(Beginning of RECORDED INFORMATION)
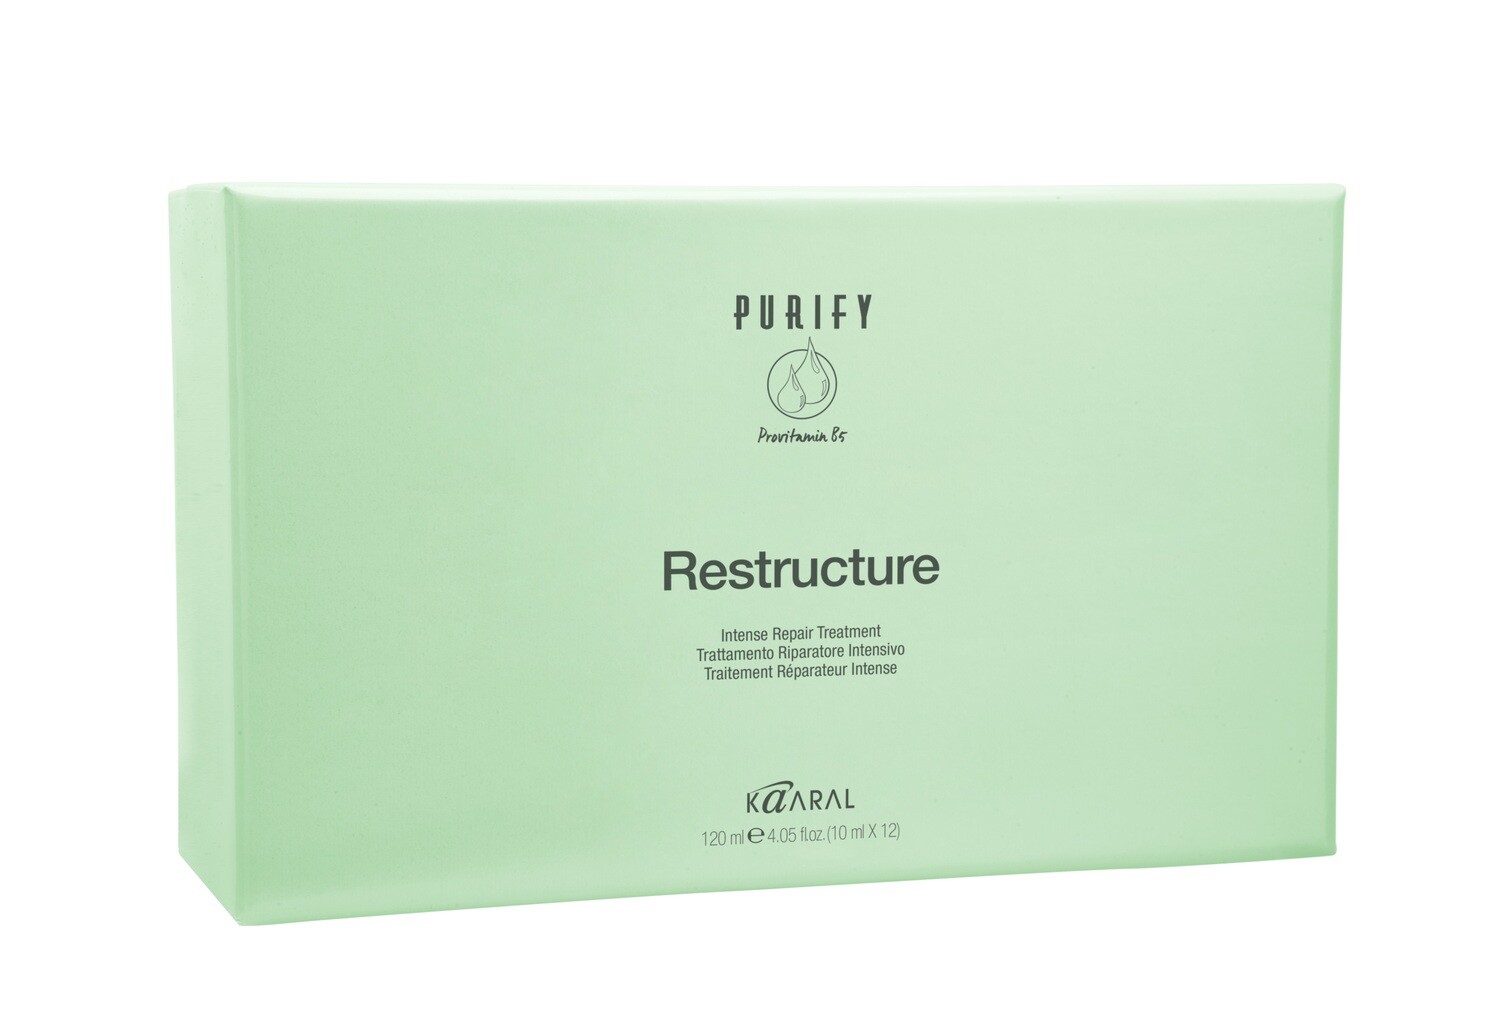 KAARAL PURIFY RESTRUCTURE TRATTAMENTO RIPARATORE INTENSIVO 12 FIALE 10ML
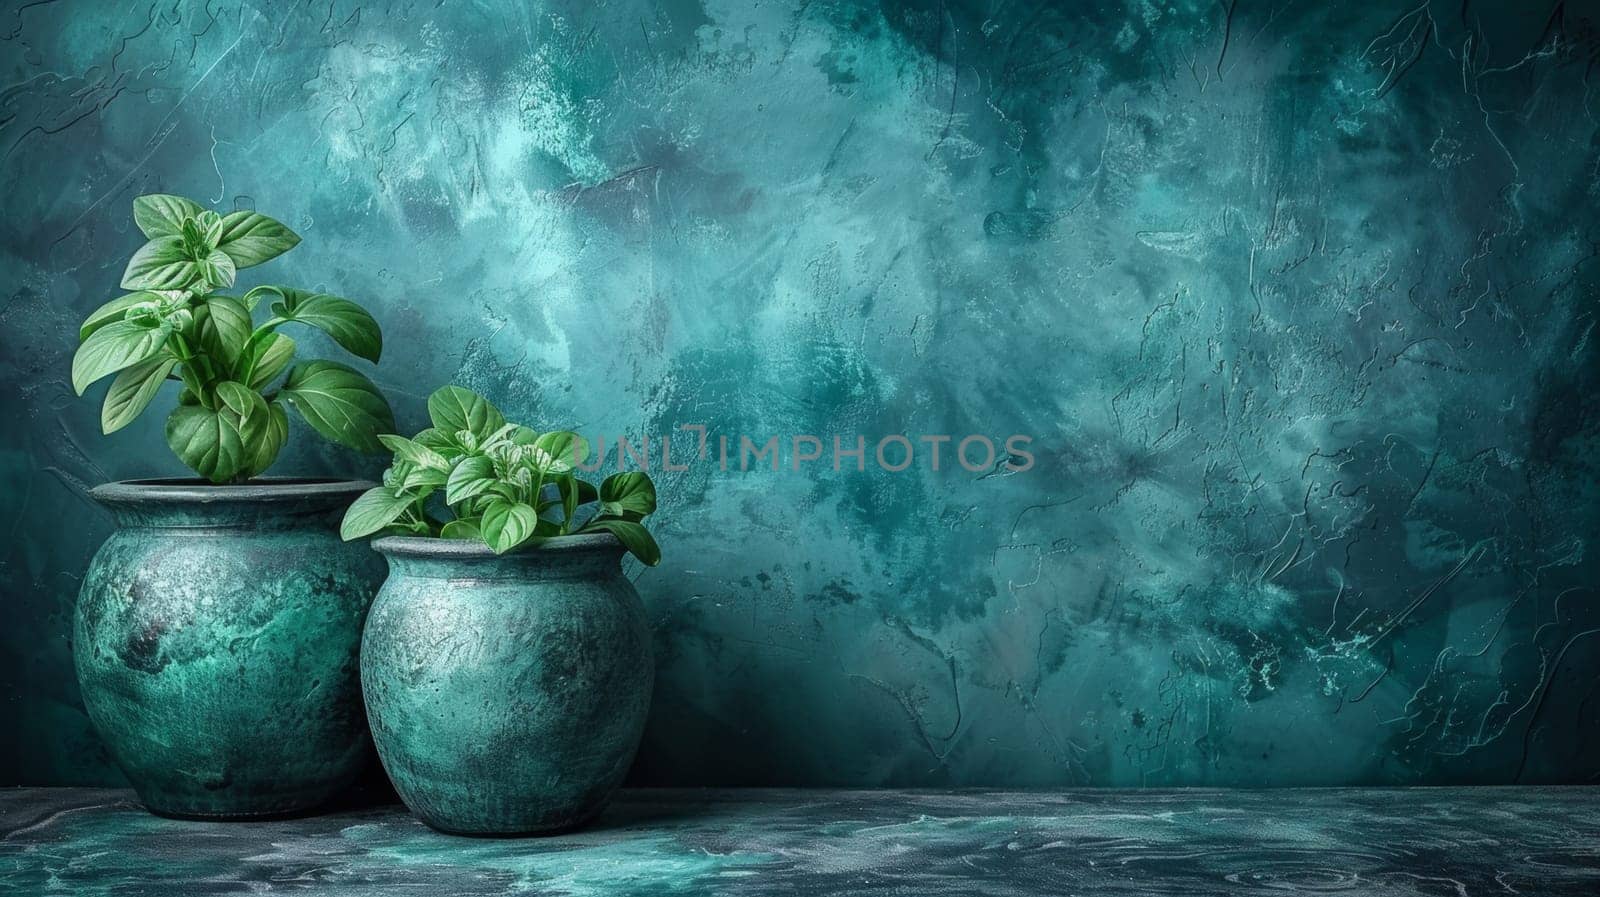 Two green vases with plants in them sitting on a table
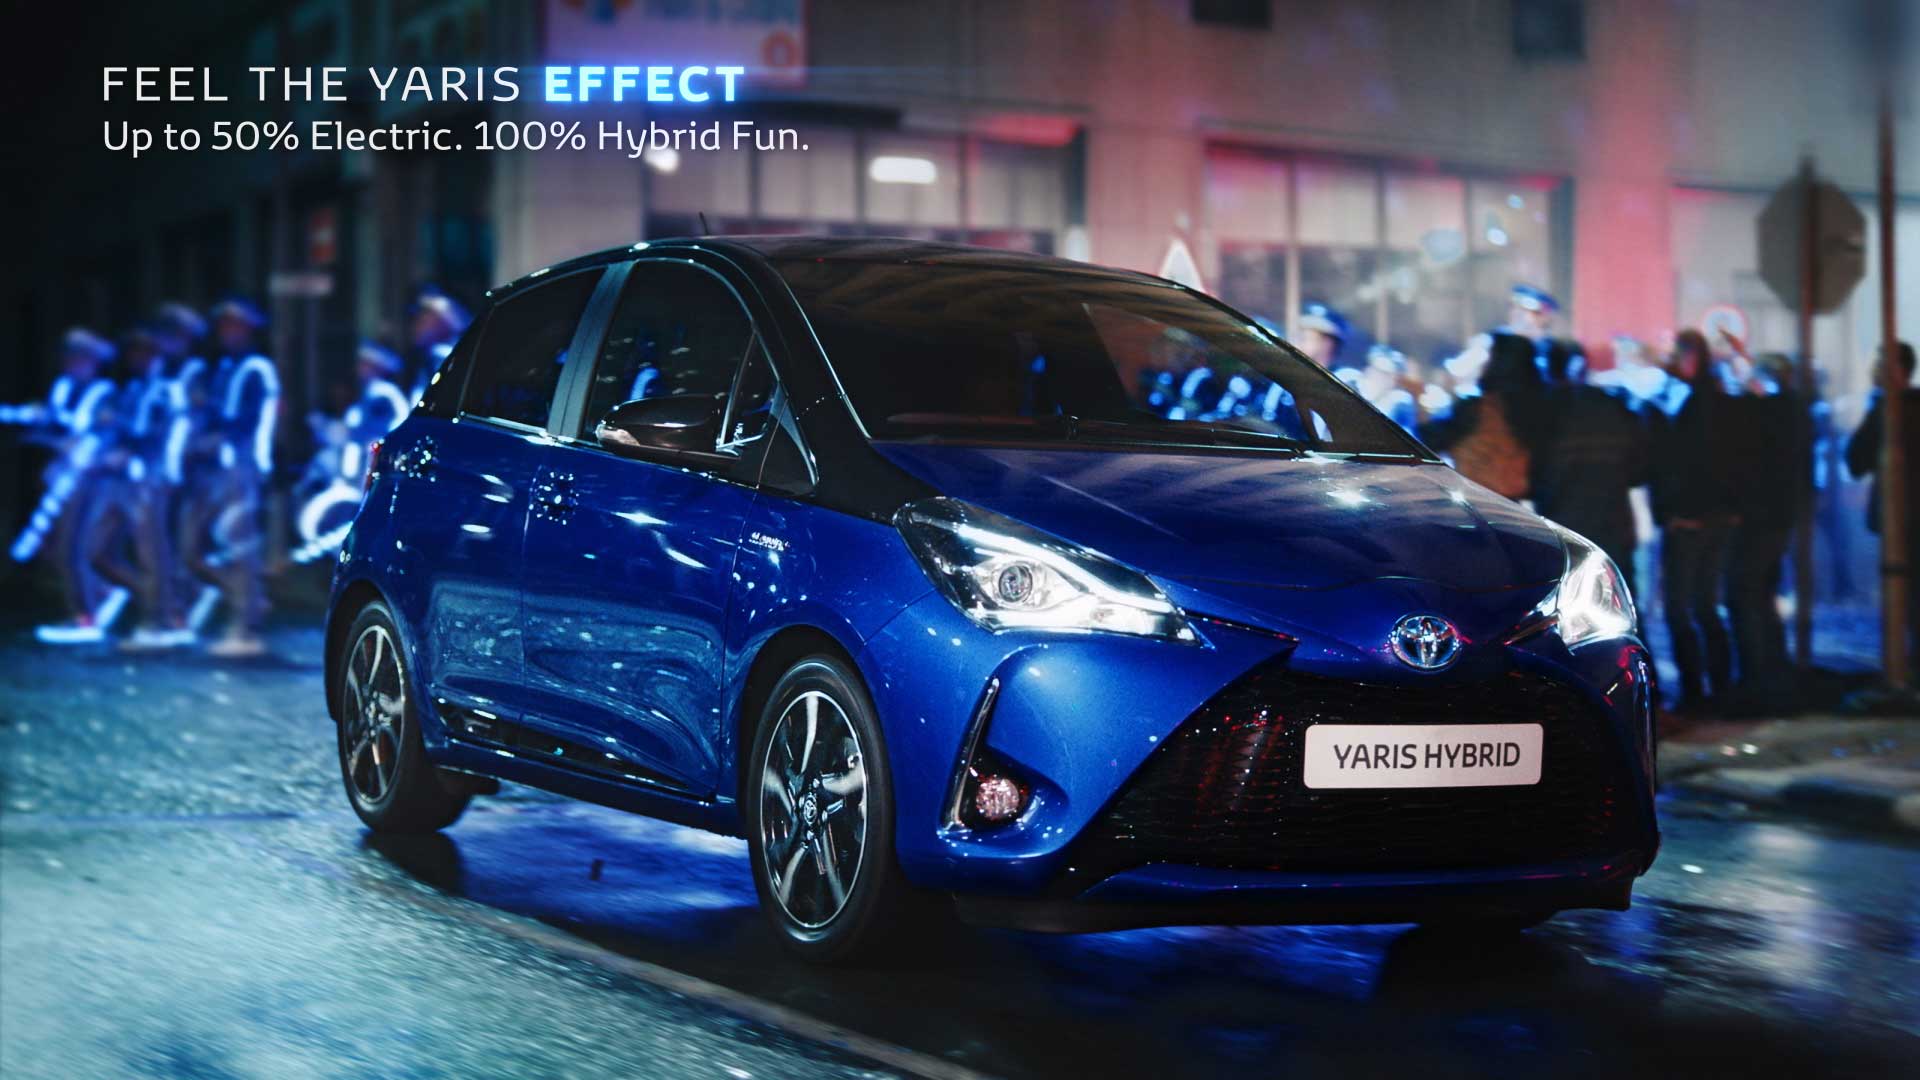 Car at night with lights. Still from Toyota Yaris commercial.
(End of RECORDED INFORMATION)
- **WORK TASK**: Reproduce the listing exactly. Leave its pictures out.

- **TASK RESPONSE**:
 KAARAL PURIFY RESTRUCTURE TRATTAMENTO RIPARATORE INTENSIVO 12 FIALE 10ML
 Two green vases with plants in them sitting on a table
 Car at night with lights. Still from Toyota Yaris commercial.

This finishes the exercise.